WORK ORDER
Would you transcribe the entries below, beginning at the line with "YAMAHA FZS SVHO" and ending after the line with "November 5, 2013", exactly, with no picture and nothing more?

INPUT RECORDS
++++++++++

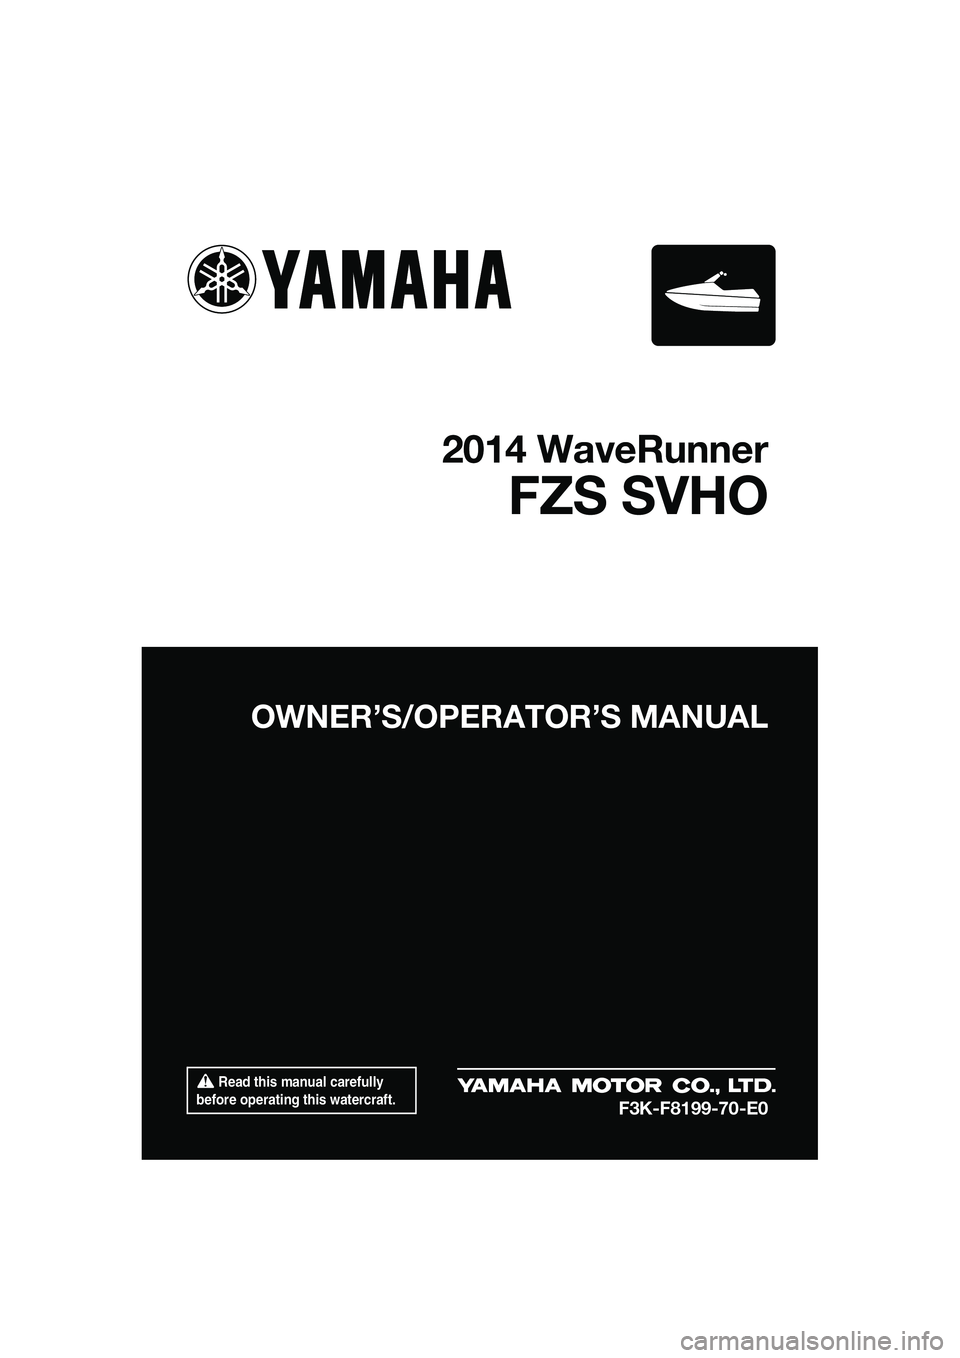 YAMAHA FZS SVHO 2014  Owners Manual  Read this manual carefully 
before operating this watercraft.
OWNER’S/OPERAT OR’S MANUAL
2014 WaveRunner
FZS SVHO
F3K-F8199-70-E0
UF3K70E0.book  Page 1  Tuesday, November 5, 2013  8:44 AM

++++++++++

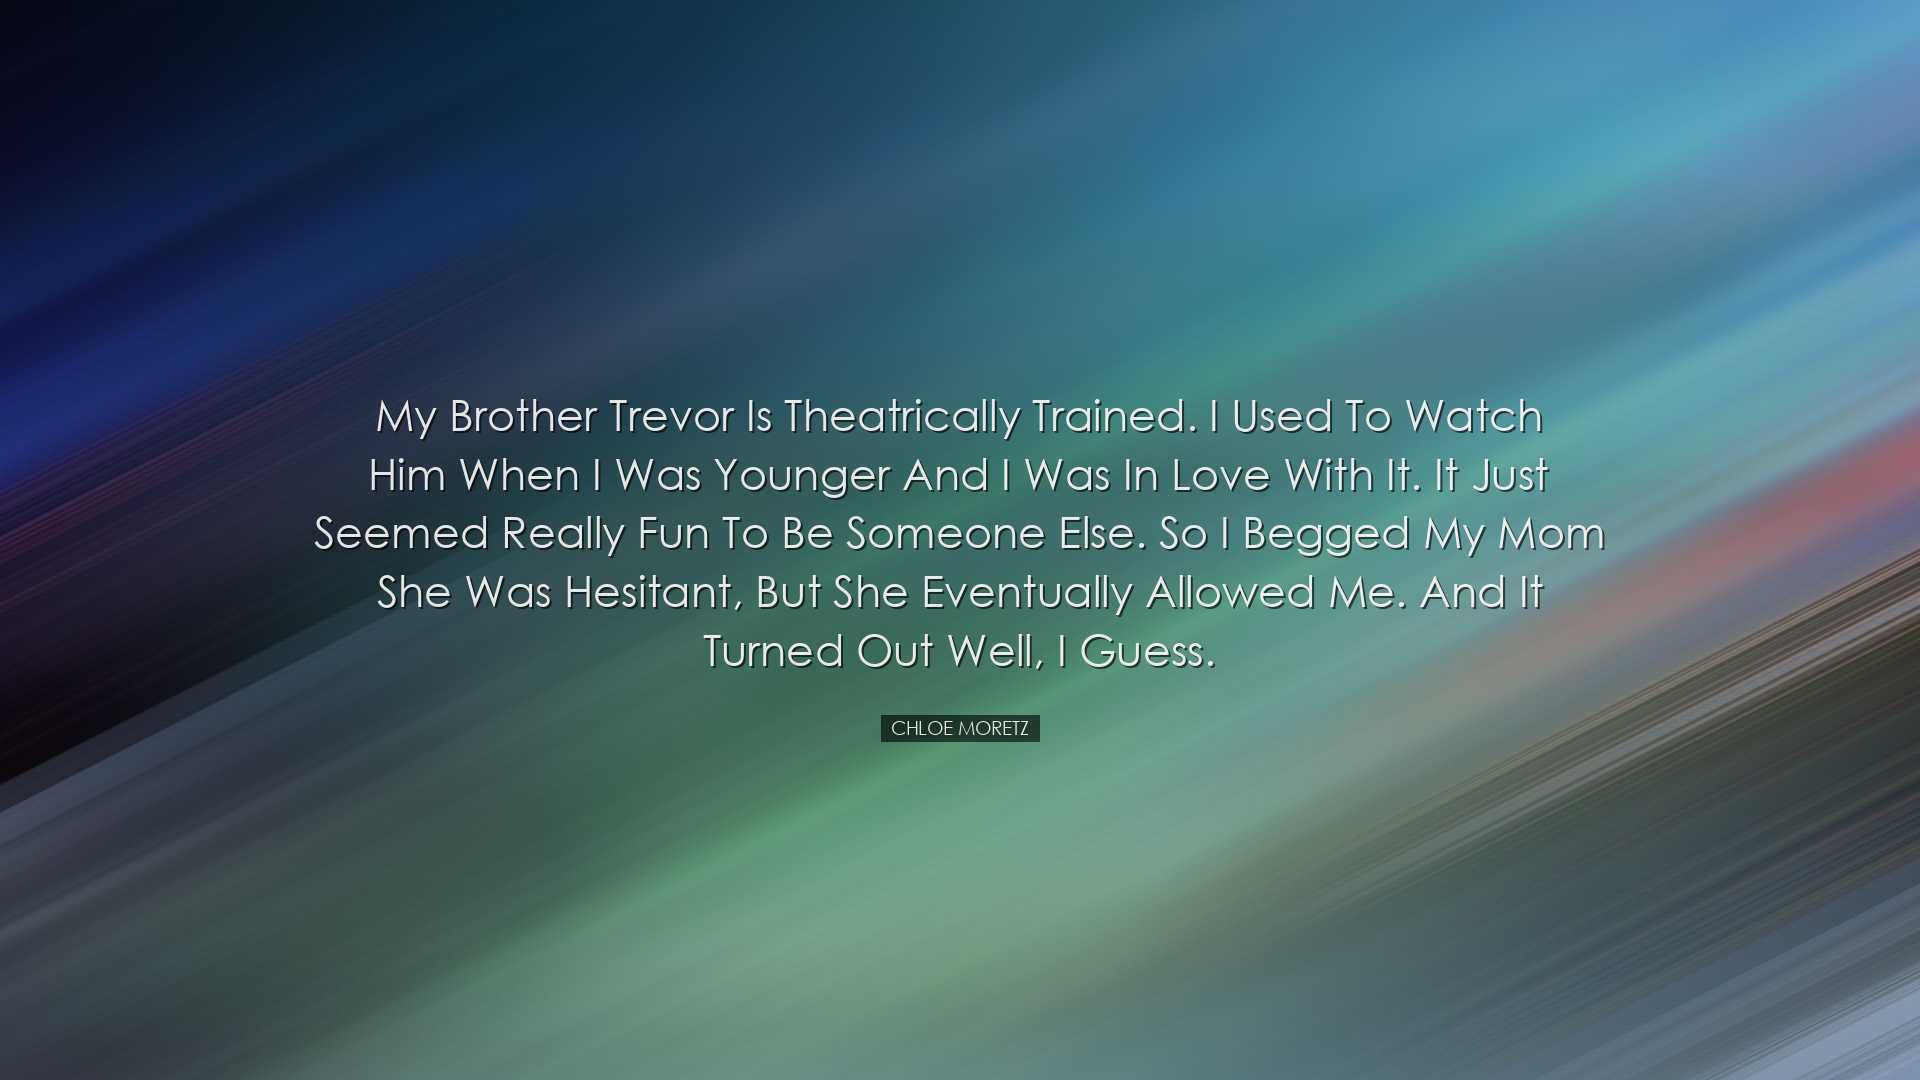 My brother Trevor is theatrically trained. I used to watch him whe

++++++++++

WRITTEN ANSWER
 YAMAHA FZS SVHO 2014  Owners Manual  Read this manual carefully 
before operating this watercraft.
OWNER’S/OPERAT OR’S MANUAL
2014 WaveRunner
FZS SVHO
F3K-F8199-70-E0
UF3K70E0.book  Page 1  Tuesday, November 5, 2013  8:44 AM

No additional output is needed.